» **What needs to be done**:
Repeat exactly the lines from the line containing "Mustad Big Gun Fishing Hooks - 25 Hooks Box" through the last line of the records below, inclusive, and nothing else.

# # # # # # #

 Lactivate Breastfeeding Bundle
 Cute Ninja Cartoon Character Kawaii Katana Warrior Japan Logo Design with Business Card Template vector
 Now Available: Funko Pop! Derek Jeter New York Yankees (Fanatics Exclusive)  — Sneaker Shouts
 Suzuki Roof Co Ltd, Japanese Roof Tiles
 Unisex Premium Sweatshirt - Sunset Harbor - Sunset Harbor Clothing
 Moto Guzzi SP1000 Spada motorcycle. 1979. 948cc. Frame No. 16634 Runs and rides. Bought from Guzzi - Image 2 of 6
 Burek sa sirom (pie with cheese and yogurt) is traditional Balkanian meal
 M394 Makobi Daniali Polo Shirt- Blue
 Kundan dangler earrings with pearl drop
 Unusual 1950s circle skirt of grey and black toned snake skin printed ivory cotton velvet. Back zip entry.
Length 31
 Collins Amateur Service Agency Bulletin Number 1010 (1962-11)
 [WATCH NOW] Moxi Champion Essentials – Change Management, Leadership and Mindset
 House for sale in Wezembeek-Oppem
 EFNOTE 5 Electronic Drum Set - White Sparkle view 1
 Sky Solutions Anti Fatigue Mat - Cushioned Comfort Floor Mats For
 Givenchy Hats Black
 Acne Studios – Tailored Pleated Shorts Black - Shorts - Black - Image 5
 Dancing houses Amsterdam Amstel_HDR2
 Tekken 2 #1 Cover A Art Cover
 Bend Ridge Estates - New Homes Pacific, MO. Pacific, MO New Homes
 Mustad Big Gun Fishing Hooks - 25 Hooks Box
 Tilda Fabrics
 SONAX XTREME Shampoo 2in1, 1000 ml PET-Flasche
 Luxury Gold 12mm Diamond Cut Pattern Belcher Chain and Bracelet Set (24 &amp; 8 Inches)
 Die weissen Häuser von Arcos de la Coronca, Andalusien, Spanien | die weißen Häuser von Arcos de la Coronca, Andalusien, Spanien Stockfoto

# # # # # # #

» **Final answer**:
 Mustad Big Gun Fishing Hooks - 25 Hooks Box
 Tilda Fabrics
 SONAX XTREME Shampoo 2in1, 1000 ml PET-Flasche
 Luxury Gold 12mm Diamond Cut Pattern Belcher Chain and Bracelet Set (24 &amp; 8 Inches)
 Die weissen Häuser von Arcos de la Coronca, Andalusien, Spanien | die weißen Häuser von Arcos de la Coronca, Andalusien, Spanien Stockfoto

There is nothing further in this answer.